→ Dataset records
::::

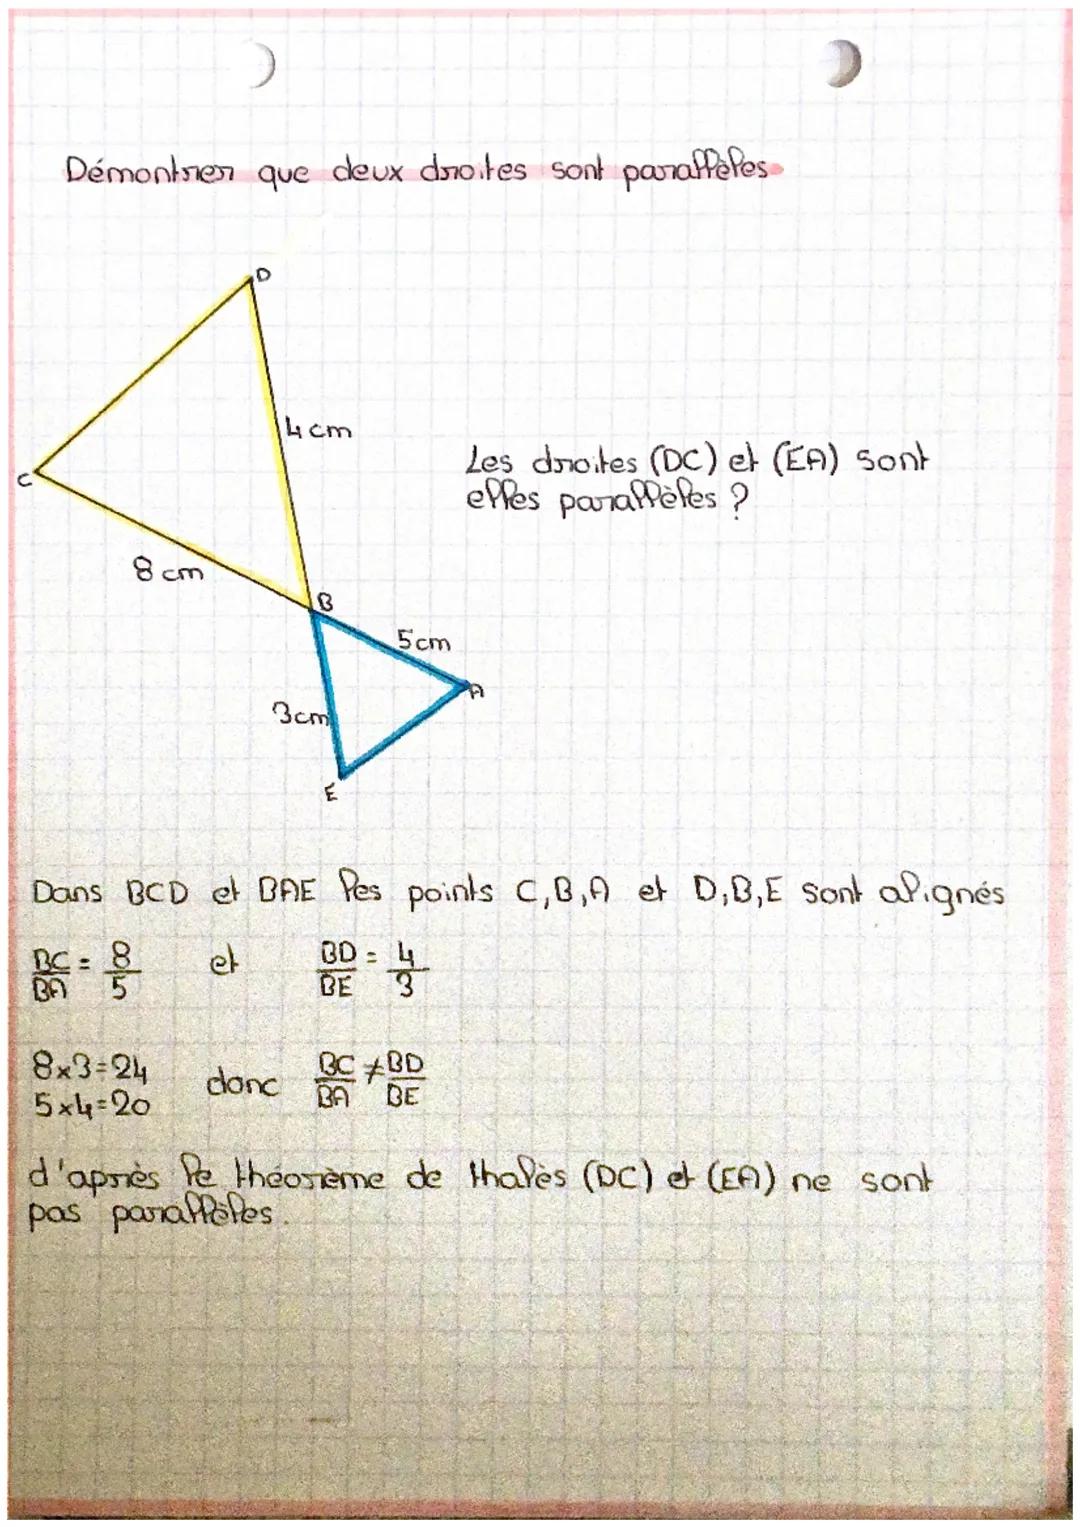 scal
théorème de thales i
->Le théorème de thales sent à trouver une
dans un biangle et dine si deux droites sont parallèles ou pas.
Pongueu

::::

→ Exercise
Extract from the material all lines containing the string "théorème".

→ Finished exercise
théorème de thales i
->Le théorème de thales sent à trouver une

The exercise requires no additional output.